Data records: Begin
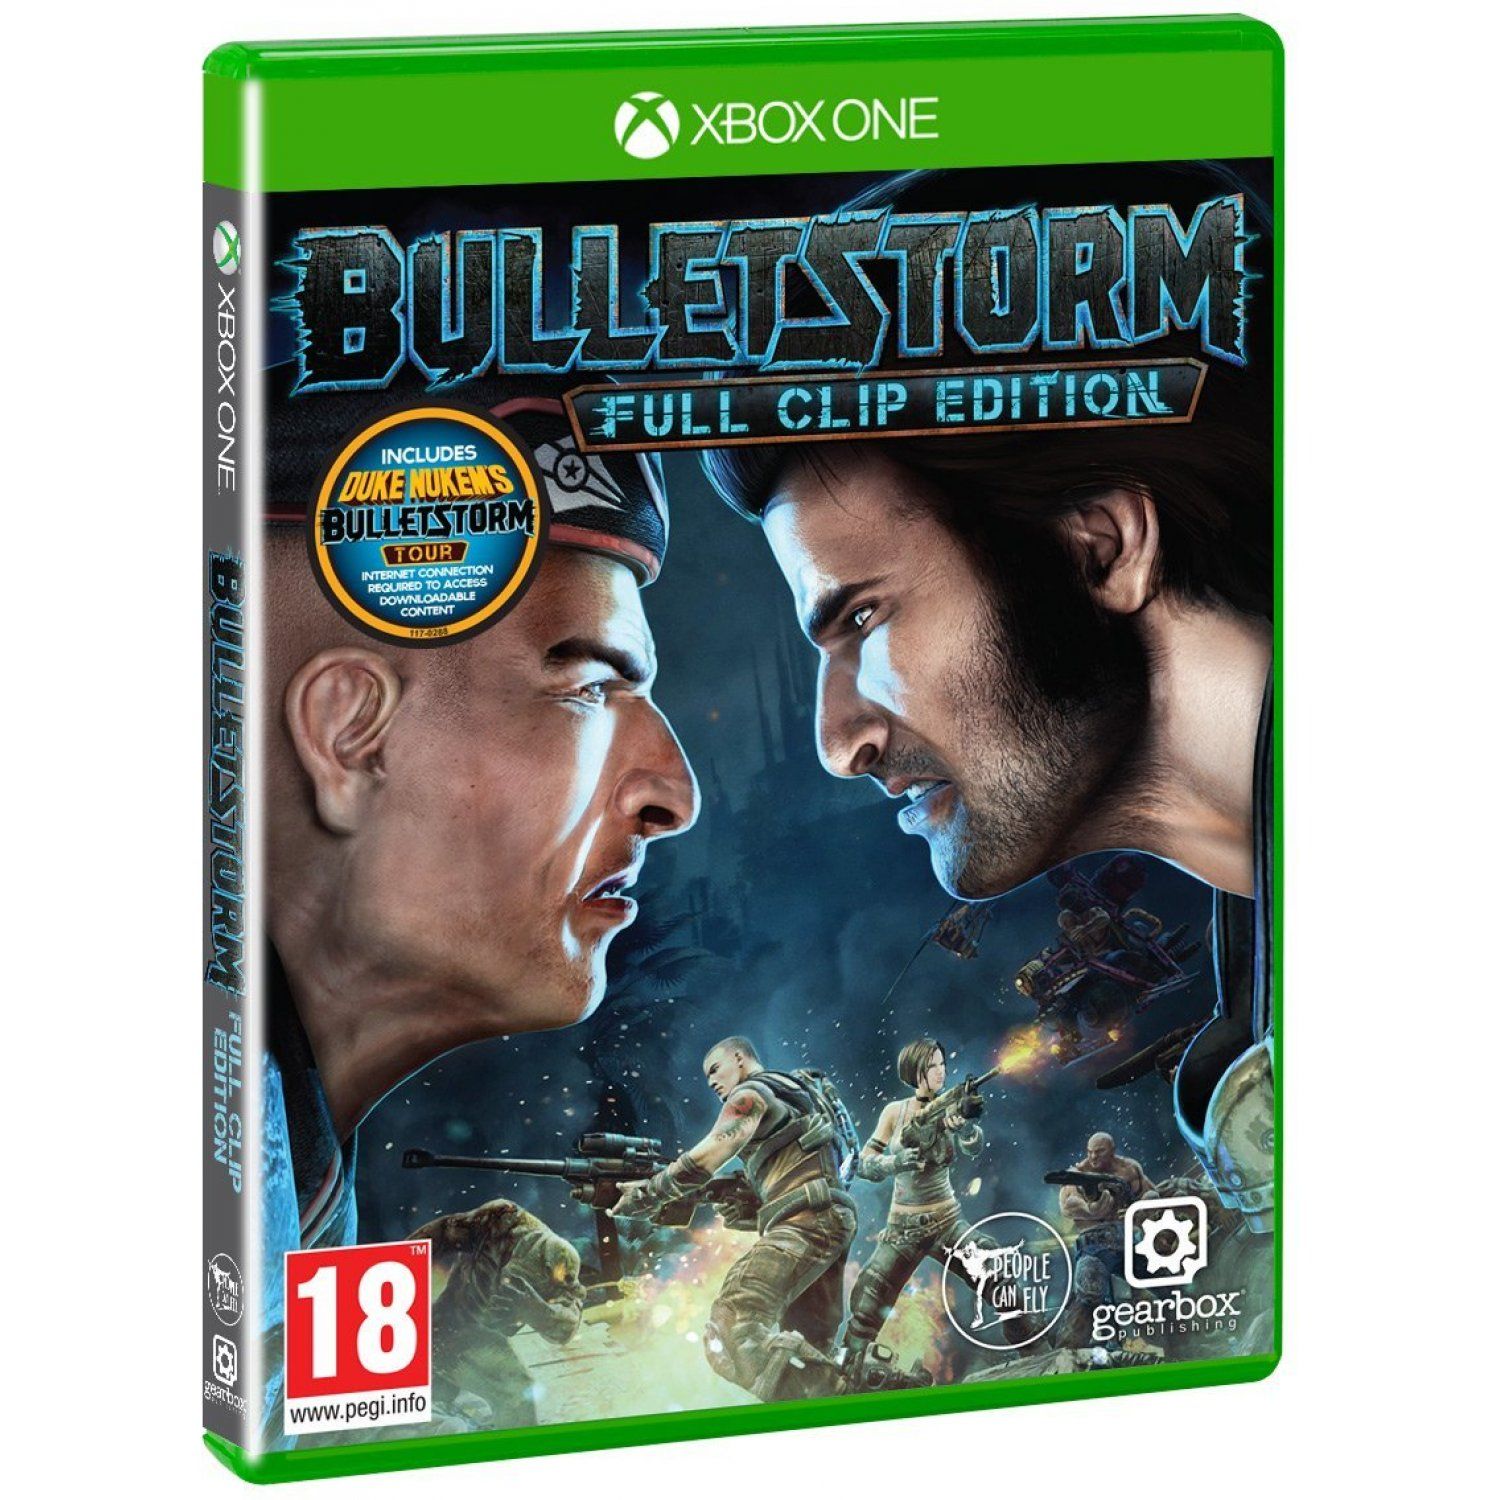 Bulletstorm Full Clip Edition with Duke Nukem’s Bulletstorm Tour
Data records: End
Data records: Begin
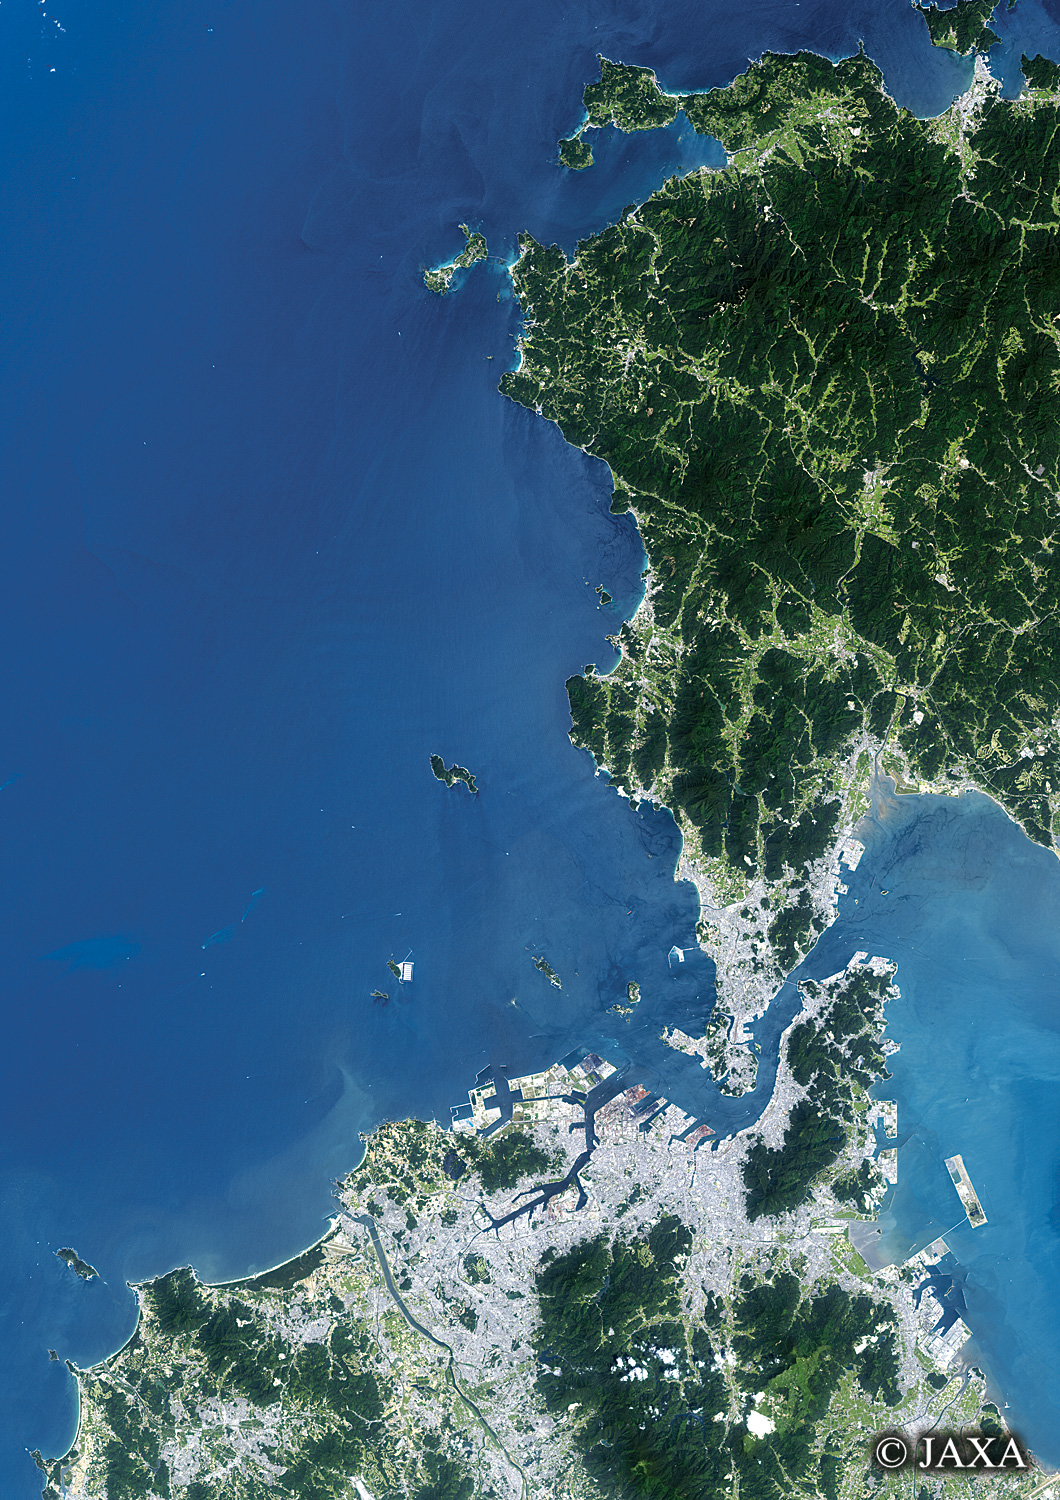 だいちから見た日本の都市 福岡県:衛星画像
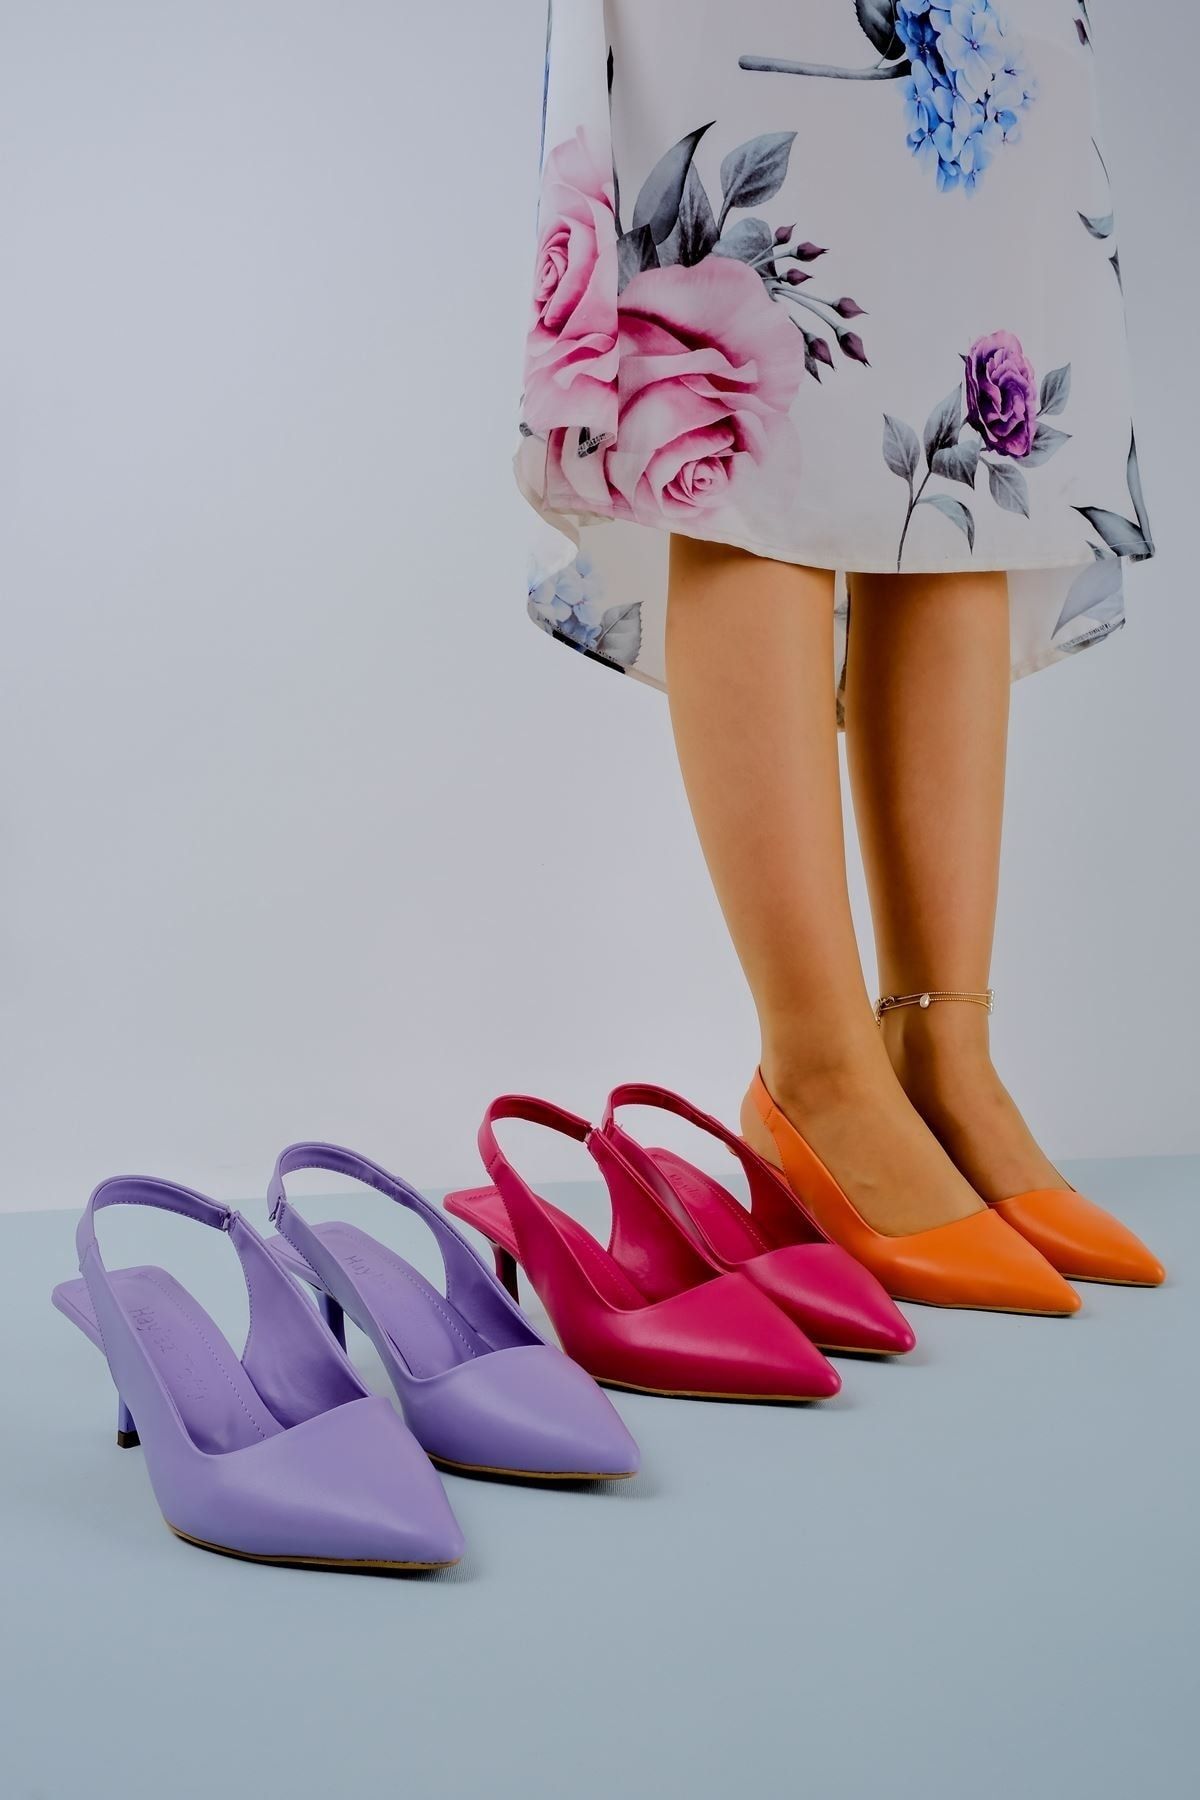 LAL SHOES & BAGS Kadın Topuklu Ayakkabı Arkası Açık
Data records: End
Your instructions:
Look above for the line with "だいちから見た日本の都市 福岡県:衛星画像"; quote it and every line after it, stopping after the line with "LAL SHOES &", exactly, with nothing added and without pictures.

Answer to the exercise:
 だいちから見た日本の都市 福岡県:衛星画像
 LAL SHOES & BAGS Kadın Topuklu Ayakkabı Arkası Açık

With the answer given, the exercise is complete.